Can Competitiveness Be Good?

Last week, I played a satisfying competitive tennis match. My partner and I won narrowly in a third-set tiebreak, which was described by a teammate watching us as a nail-biter till the very end. It very much felt that way to the two of us on the court. Until the deciding point, the match really could have gone either way.

tennis courtCompetitiveness is a funny thing. Perhaps it’s the way I was raised, I never felt comfortable owning the competitive part of me. I guess I have a hard time acknowledging it, because it seems that I can’t be competitive and be nice and loving at the same time. But tennis definitely brings out the competitiveness in me. It goes above and beyond wanting to win, though. Sure, victory is sweet, but I want much more to know after a match that I played well and felt proud of my game. For instance, I love that I used to be scared of the net, and now I’m regarded as a good net player at my level. That’s validation that I’ve improved my game. In many ways, I’d much rather lose a truly competitive neck-to-neck match than win an easy one without feeling challenged. Where’s the satisfaction in the latter?

All that got me thinking: What’s at the root of competitiveness? Is it all bad? And, if not, how may we leverage competitiveness for good?

The Two Faces of Competitiveness

When I thought about it, competitiveness is just another way of seeking success, as to win is to succeed. For me personally, it’s an attempt to prove my self-worth. If I could beat another person at something, surely that would mean I deserve to be here. Wanting to win, to succeed came from my subconscious drive to feel deserving. Even though the person I compete with often is myself, it still comes from the same place. That is, if I could prove that I’m getting better and better, I won’t become irrelevant or unwanted. It all comes from a deeply seated fear that I could disappear off the face of the earth and no one would notice or care; no one would miss me. I simply don’t matter.

The above description is my “unconscious” competitiveness that runs on auto-pilot. It’s rooted in fear—fear of being unworthy, fear of not mattering. It underpins the perpetual self-improvement trap that I wrote about recently. I was gravely afraid that if I didn’t constantly improve myself, someone would catch onto the fact that I don’t deserve to be here.

grass heartIf I were to ground myself in Love, instead of fear, my innate competitiveness would look different. That is, the desire to win would simply become the intention to do my best no matter what.

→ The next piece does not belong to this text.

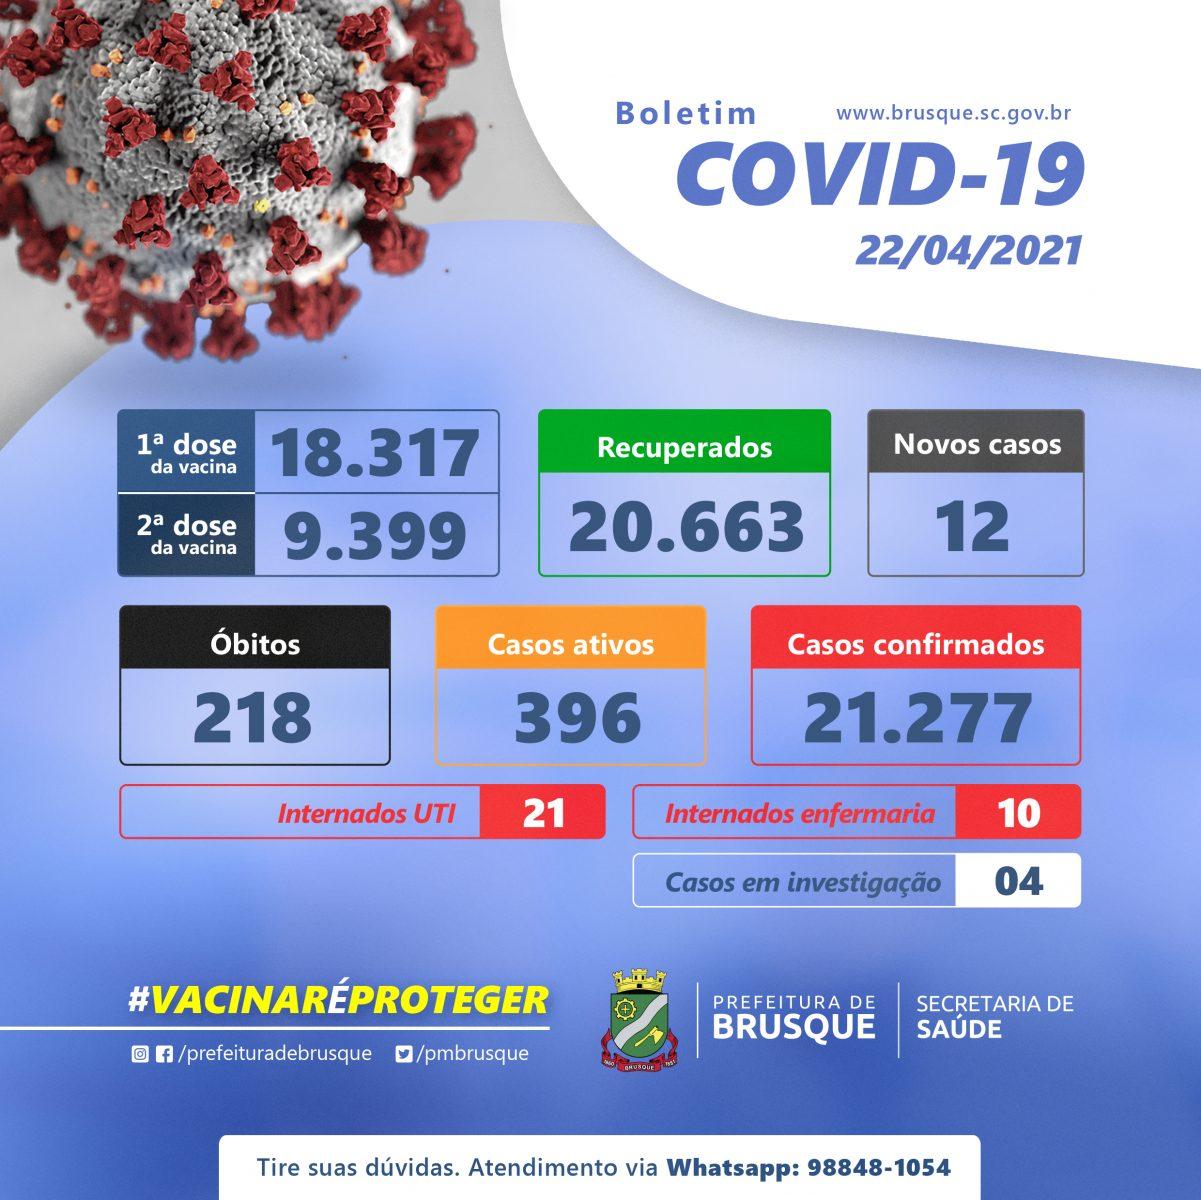 Covid 19: Confira o boletim epidemiológico desta quinta-feira (22)
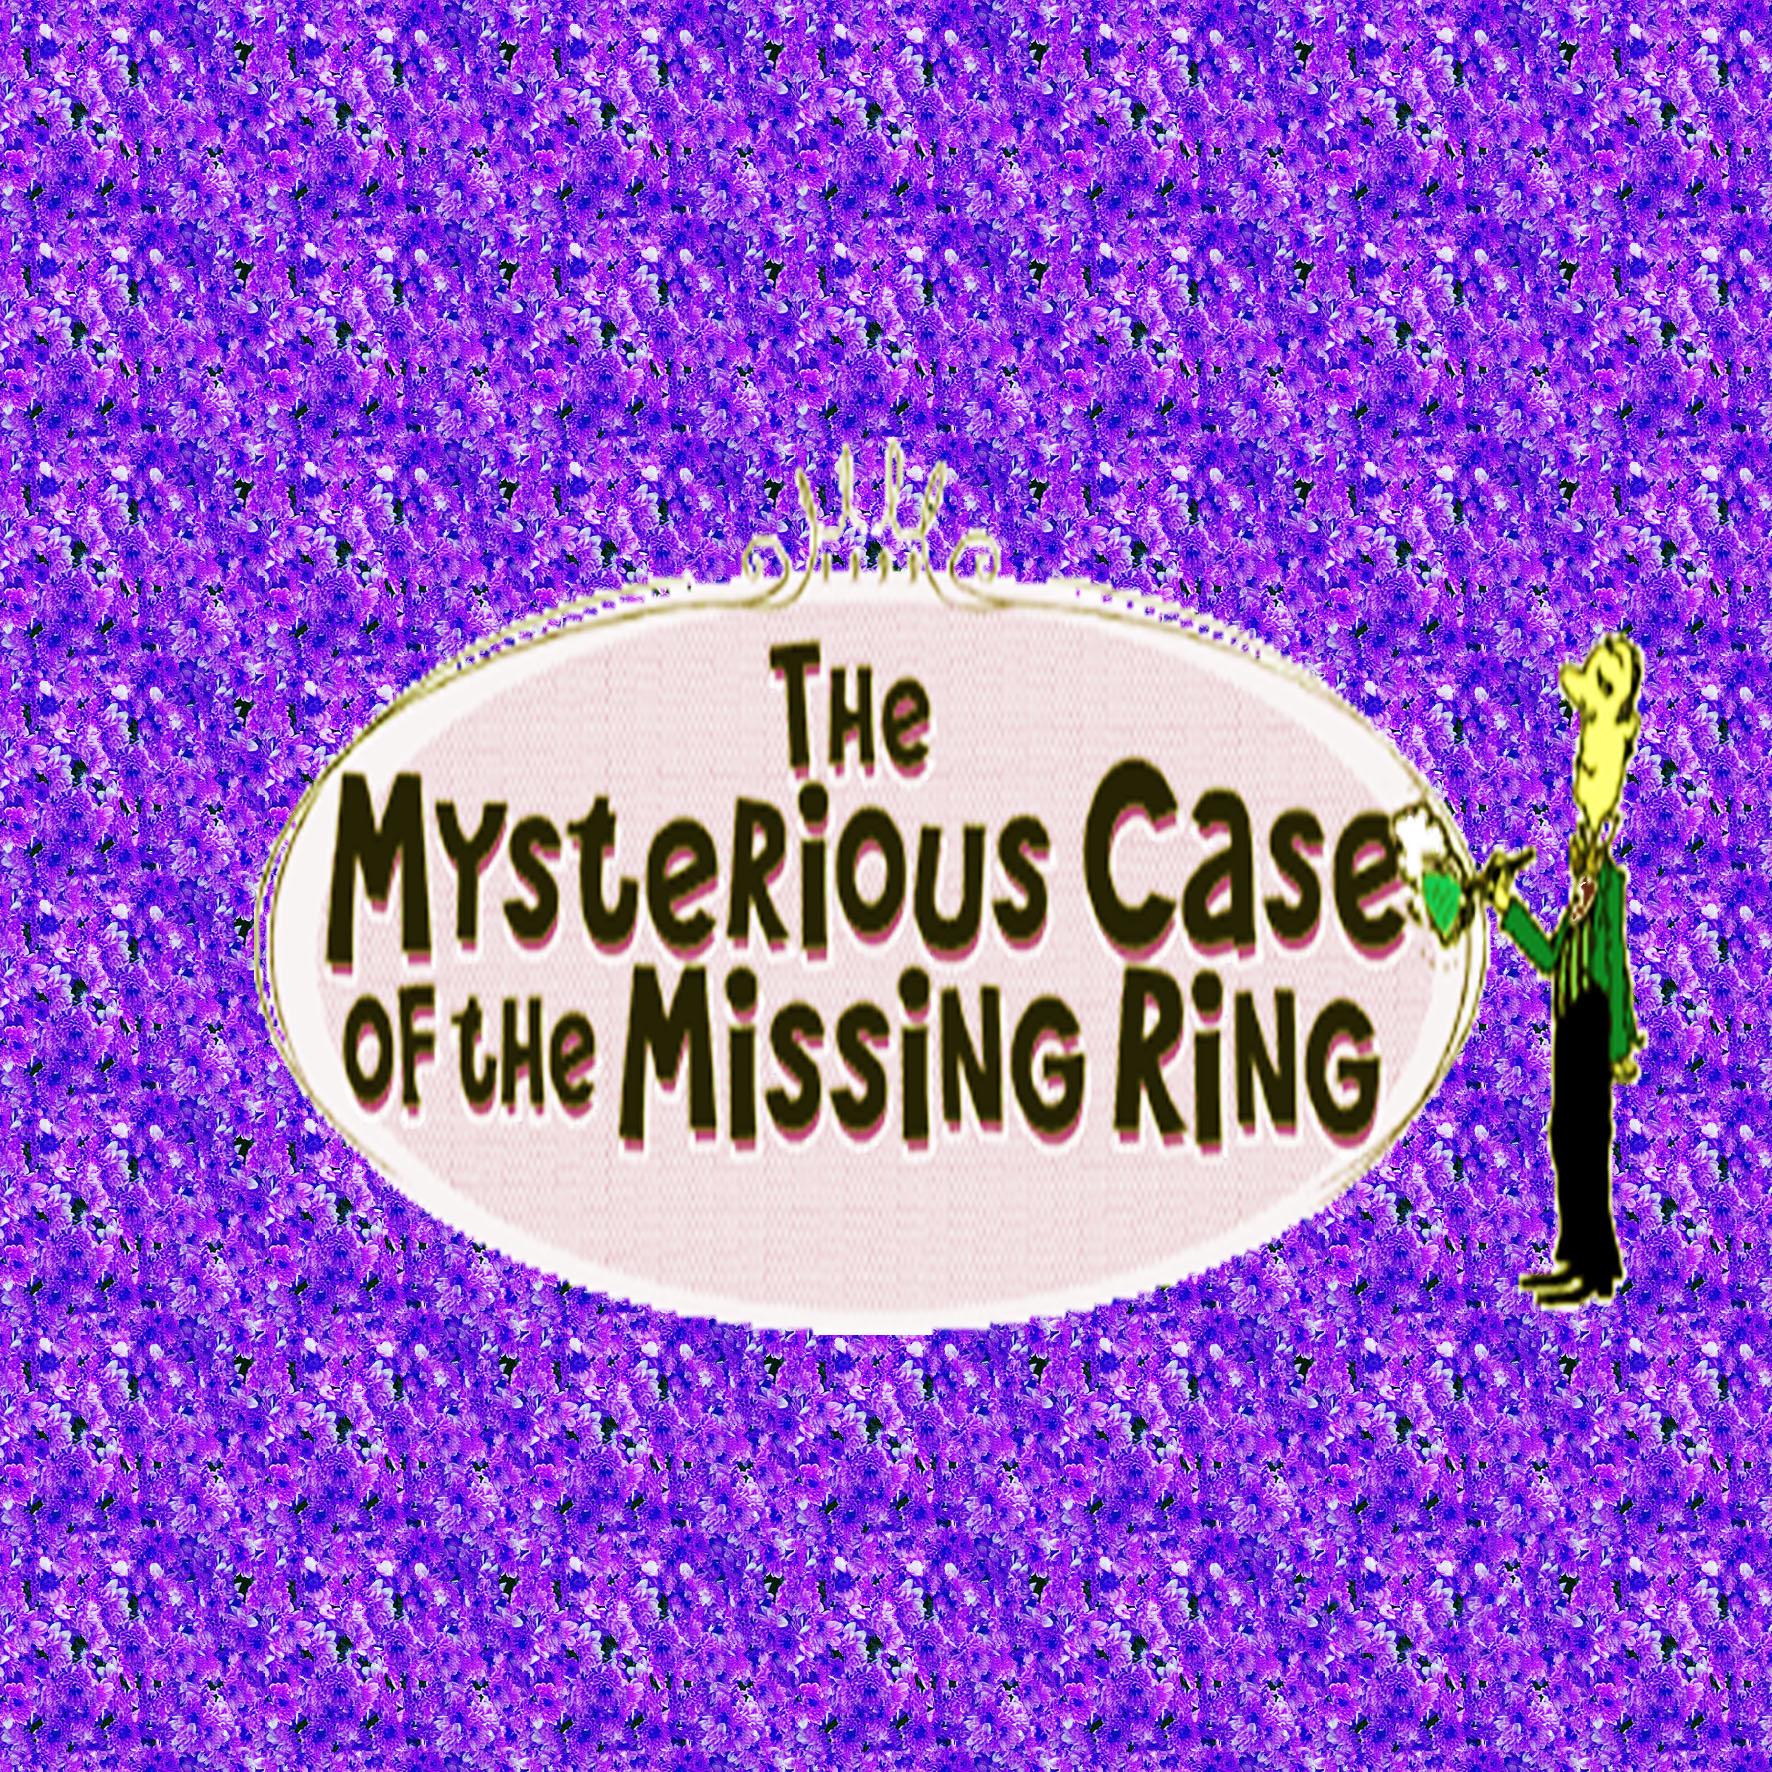 Mysterious Case purple 2.jpg

It comes with the unconditional acceptance that, by virtue of being human, my best will look different from one day to the next. From that expansive, loving place of intending to do my best, it’s always good enough. I won’t be judging myself for falling short of some yardstick that makes me feel less than deserving. My desire to win won’t be an attempt to uphold my mask of having it together, even if I may be falling apart inside. Rather, it’d mean pouring my heart into living life fully and passionately and, hopefully, to leave the world around me a little better than how I found it—by inspiring others to connect more to their hearts and live from that center, as I continue to open my own here in this writing space. It’d mean pouring that drive to be the best I can be, do the best I can do into whatever I undertake, so that it benefits all of whom it’s intended to serve.

Competitiveness Redefined

So, in writing this blog post, I’m redefining competitiveness as a desire to deliver the best for all involved. This redefinition also calls for shifting my grounding from fear to Love. As my weekly meditation on Sunday morning reminded me, all I ever need to remember is Love. If I can remember that, I’ll always know what to do in any situation. That includes how to own the competitiveness within me without judging it, and to ground it in a place that makes it an asset to how I live, love and serve.

When cast in the right light, competitiveness can be a beautiful thing.

What do you think? What’s your take on competitiveness?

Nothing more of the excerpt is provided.